Compovision is a playful take on how we interact and co-create with machines, no words or clicks required.

Since the advent of modern artificial intelligence in the 2020s, the primary way of interacting has been largely dominated by written language.

Compovision’s goal is to redefine how we communicate with artificial systems by creating a fully visual interaction where no words or prompt engineering is required.

By utilizing the visual world around, we can to compose and create entirely new worlds.

Concept and realization by Lionel Ringenbach, aka Ucodia.

Create it with your own hands

By pointing a set of camera to places or objects from your daily life, Compovision is able to instantly create new visual composition. This intelligent system is able to understand what you want to create simply through observation of the world you feed into it.
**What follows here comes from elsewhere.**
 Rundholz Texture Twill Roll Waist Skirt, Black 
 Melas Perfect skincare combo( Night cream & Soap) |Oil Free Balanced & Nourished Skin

How it understands and creates

Under the hood, the intelligent system is able to discern the world you show using an AI vision model, which is able translate images into textual descriptions of what it sees. In turn it is able to compose the descriptions of all the images into a larger imaginary scene. Finally, it uses an image generation system to return an image of the scene which composes the world around you into a brand new world.

The first prototype (May 2024)

The initial prototype was ideated in October 2023, developed in May 2024 and first exhibited at the Vancouver AI Community Meetup in May 2024.

The core of the prototype is a sequential pipeline of 3 large language models (artificial intelligence LLM), each with a very specific tasks, and is executed in the following order:

  1. Llava, an “image-to-text” model
  2. Llama3, a “text-to-text” model
  3. StableDiffusion XL, a “text-to-image” model

In short, the pipeline acts as if it was an “images-to-text-to-text-to-image” model. This is different from an “images-to-image” model because the middle of the pipeline allows greater flexibility into how final the image is composed.

Workflow integration

Workflow integration

The pipeline was created and integrated entirely in TouchDesigner and ComfyUI. 3 webcams and a simple screen monitors were used to intake live video feed and display the resulting images. The entire software was executed offline by a Macbook Pro with a Apple M1 Max chip.